Говорили, что во всем виноваты ошибки нашего руководства. Но ведь ошибки свойственно делать всем. Не меньше ошибался и противник. Определенно можно сказать, что в таком большом деле, как мировая война, наши и немецкие ошибки вполне друг друга уравновешивали.

Так что, по-видимому, в основе наших неудач лежит что-то другое: скорее, качественная сторона. Если посмотреть поглубже, то у нас в армии, как и во всей нашей жизни, всем и на все наплевать. Каждый, несмотря на наши уверения в обратном, твердо считает, что "моя хата с краю" и "больше всех мне не надо". В армии этого мнения держатся все: от маршала до солдата. Такое равнодушие и порождает наши неурядицы. Во время войны они делаются более заметными. Только и всего. Таков наш национальный характер.

По этой ли причине, или отчего другого, мы еще внутренне недисциплинированны. Получив приказ, мы, в отличие от немца, больше думаем не о том, как этот приказ получше выполнить, а о том, как бы сделать так, чтобы его обойти, уклониться, и, если возможно, то и не выполнить. У нас везде, а тем более в армии, дисциплина лишь внешняя, только когда перед тобой начальник. Настоящей же, внутренней дисциплины нет. Все это и делает нашу армию, при всей ее несметности, малобоеспособной. И воюем мы всегда не умением, а числом. Если бы это было не так, то не нужно было бы и говорить этого. Так было во всех прошлых войнах, и так происходит сейчас.
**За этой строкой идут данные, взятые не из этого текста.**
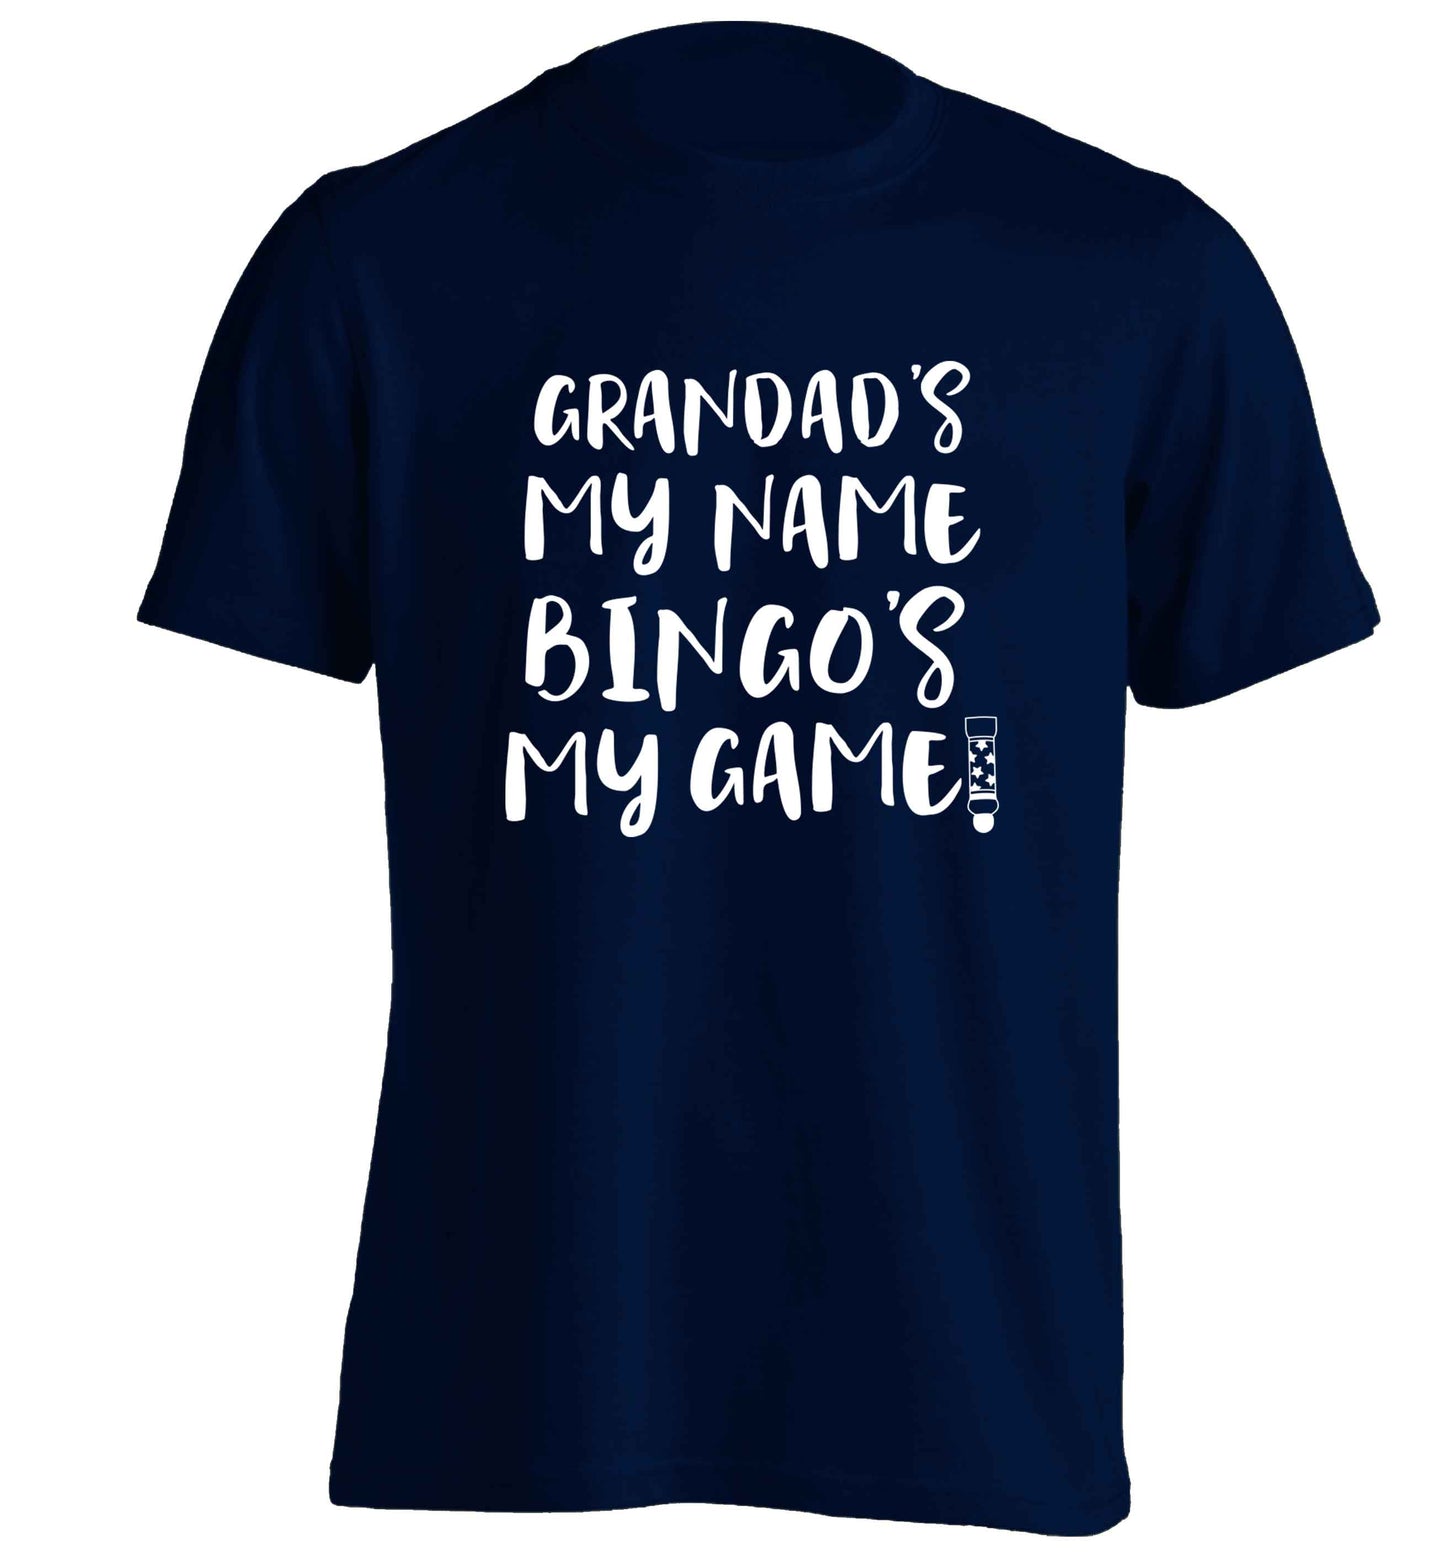 Grandad's my name bingo's my game! adults unisex navy Tshirt 2XL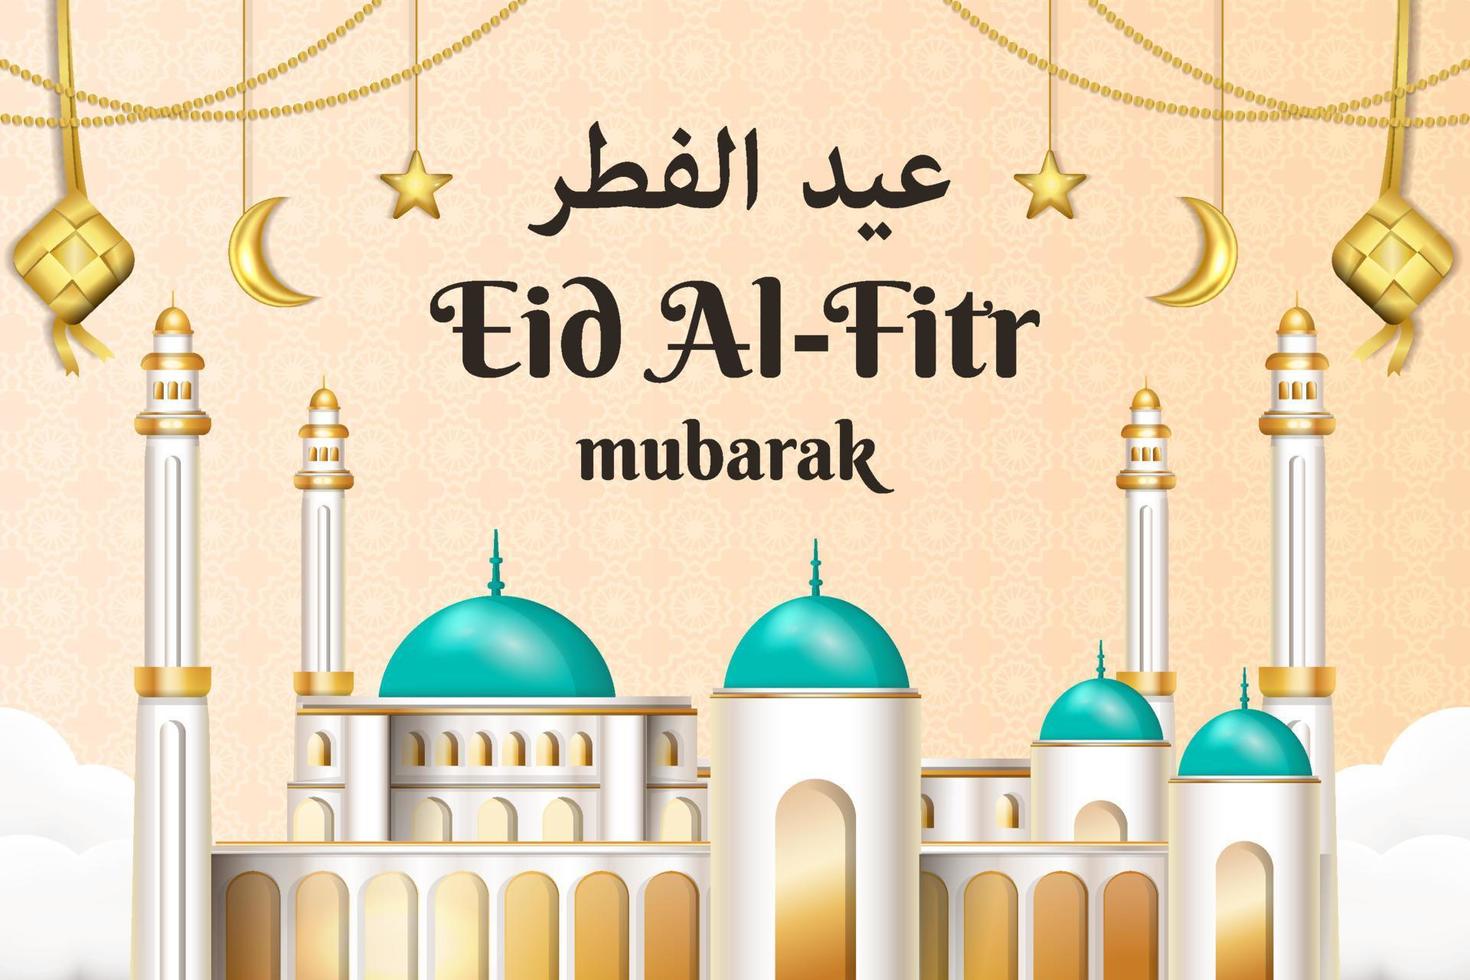 realistic eid al fitr mubarak banner illustration with golden ketupat, stars, and moons vector

Но во всех войнах, когда могучие европейские армии вторгались в глубь России, они сначала били и гнали русскую армию, а затем всегда натыкались на две неприступные крепости, имя которым Пространство и Климат. Когда же они пытались осаждать эти крепости, то война принимала затяжной характер. И тогда вступала в войну наша третья, еще более могущественная крепость, имя которой - неприхотливость населения. Сидя в этой крепости, мы могли воевать до бесконечности, чего ни одна европейская страна выдержать не могла. А когда вторгшиеся армии в тщетной и безнадежной борьбе с этими крепостями выдыхались, наша армия их добивала. Это уже проще. Вот так и сломали себе шею Карл XII и Наполеон, а теперь ломает Гитлер.

Сейчас нас сортируют по справкам о ранении на три категории. Первые это легкораненые, могущие ходить. Их просто присоединяют к довольно густым колоннам пленных, идущим под немногочисленным конвоем на запад. Следующая категория, в которую попадаю и я, это различные раненые, не могущие ходить сами, - так называемые транспортабельные. Нас в ожидании транспорта тесной кучей усаживают и укладывают вблизи шоссе без конвоя, которого, видно, нам не полагается. И, наконец - нетранспортабельные. Их относят в дальний сарай и не повезут никуда. Жить им осталось недолго.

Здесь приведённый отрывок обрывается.